Define the remaining tumor area as the tumor center. Extend 500 micrometer wide peri-tumor area adjacent to the outer margin as demonstrated earlier. For detailed pixel analysis, select the rectangle tool from the main menu.
Then annotate a region encompassing all pixel types to be distinguished. Next, navigate to the main menu. Select analyze and click pre-processing.
Then click estimate stain vector. Upon activating the visual stain editor, select auto and click okay. Name the estimated stain vector H-DAB.
For pixel analysis, an alternative method involves using the rectangle tool from the main menu to highlight a small section of a nucleus stained with hematoxylin. Next, access the left menu and select image. Then double click on stain one and select yes.
Again, use the rectangle tool to annotate a small region showing positive staining with DAB. After this, select image from the left menu and double click on stain two, followed by yes. To assess the area fraction of positive immune cells from the main menu, click the classify option, select pixel classification, and click create thresholder.
After that, set the resolution to high, select the DAB channel, and apply a Gaussian pre-filter with a Sigma of 0.5. Adjust the threshold between 0.2 and 0.3. Define pixels above threshold as positive and below threshold as negative.
For the region selection, opt for any annotation, give the classifier a name, then click save, measure, and okay. To document the findings, copy the results displayed in the left side menu and transfer them into a spreadsheet. Select measure from the upper main menu as an alternative method.
Then choose, show annotation measurements. Select copy to clipboard and paste these results into a spreadsheet for a detailed record. Lastly, right click on the image, navigate to multi-view and click close viewer to close the image.
CD117 protein was predominantly observed in the cytoplasmic membranes of rounded cells in tumor stroma and perivascular spaces. CD117-positive cells were also observed in tumor capsules and perivascular areas of the outer margin and peritumor. NKp46 protein was mainly observed in cytoplasmic membranes of rounded cells in sinusoid-like spaces, the stroma of the tumor center, and the inner margin.
NKp46-positive cells were observed in capsules around tumor nests and stroma of portal tracts in the outer margin and peritumor regions. CD1a protein was mostly observed in the cytoplasmic membranes of rounded cells, either scattered or in aggregates in the stroma and sinusoid-like spaces in the tumor center and inner margin regions. CD1a positive cells were found in sinusoids and biliary epithelium in the peritumor region.
This study evaluates the distribution of immune cells in hepatocellular carcinoma (HCC) and their prognostic significance. It highlights the use of QuPath image analysis software for accurate quantification of immune cells in tumor and adjacent tissues.
Quantitative digital pathology using QuPath enables precise immune cell profiling in hepatocellular carcinoma (HCC), addressing annotation and reproducibility challenges in tumor microenvironment analysis.
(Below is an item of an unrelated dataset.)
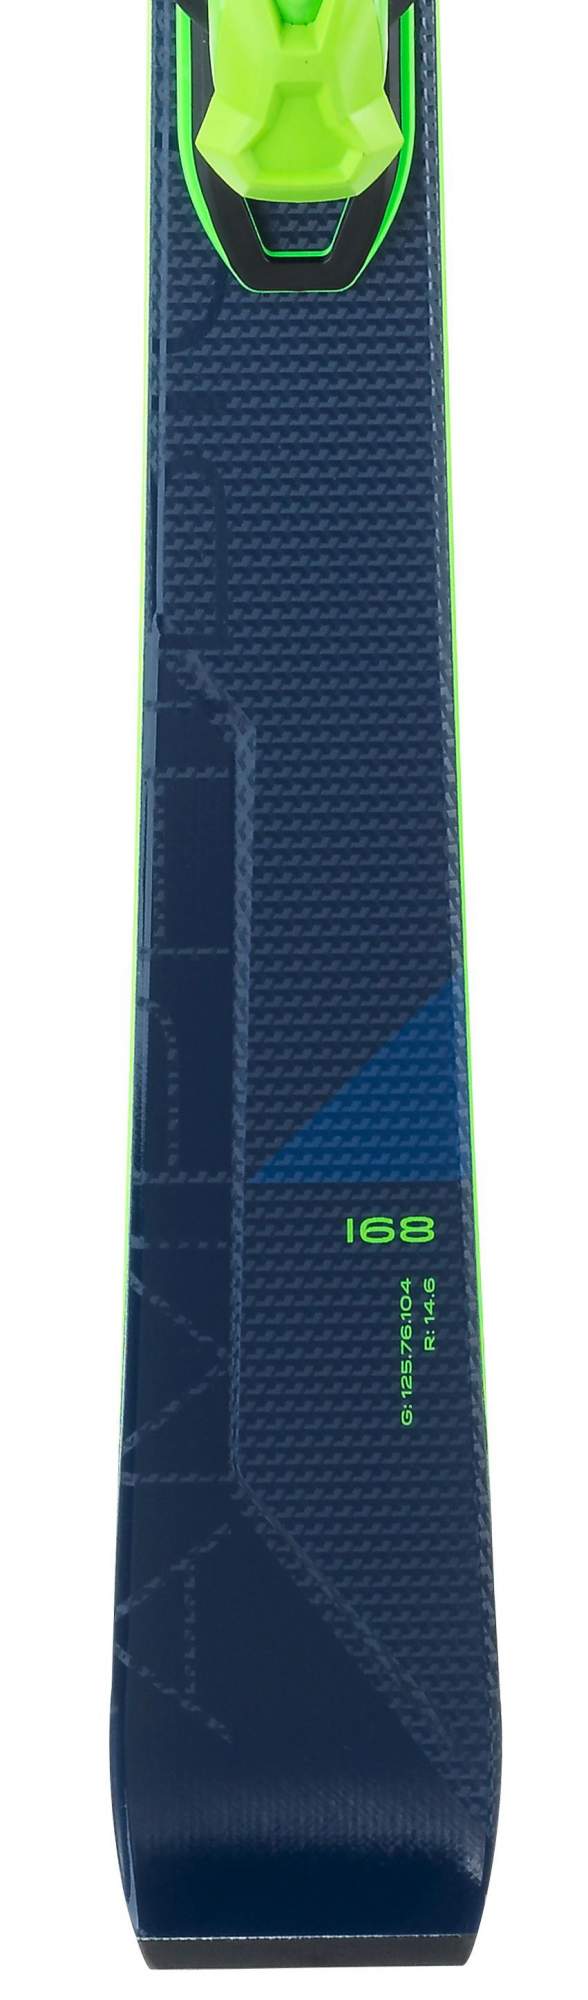 Горные лыжи Elan Amphibio 14Ti Fusionx + Emx 11 Fusionx 2021, blue/green, 168 см
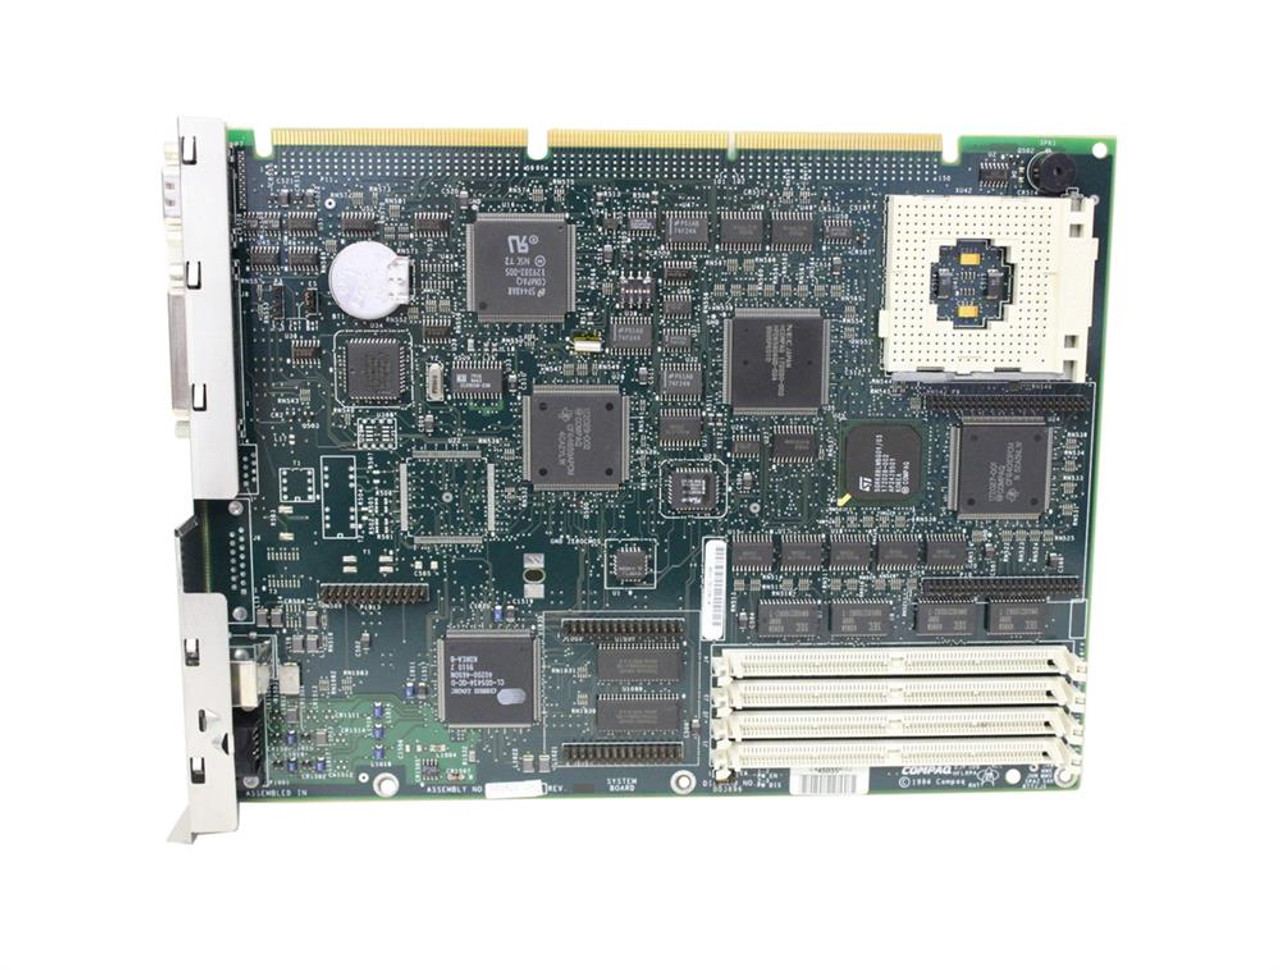 172620-001 Compaq System Board (Motherboard) for Deskpro 486 (Refurbished)

Automated area fraction measurement of mast cells, dendritic cells, and NK cells supports robust prognostic assessment, informing early discovery and translational research decisions. This workflow enhances predictive confidence for immune-related biomarkers and supports risk-adjusted portfolio advancement in oncology R&D.
This digital pathology workflow integrates from early discovery through translational research, supporting immune cell biomarker validation and mechanistic studies in HCC and related oncology models.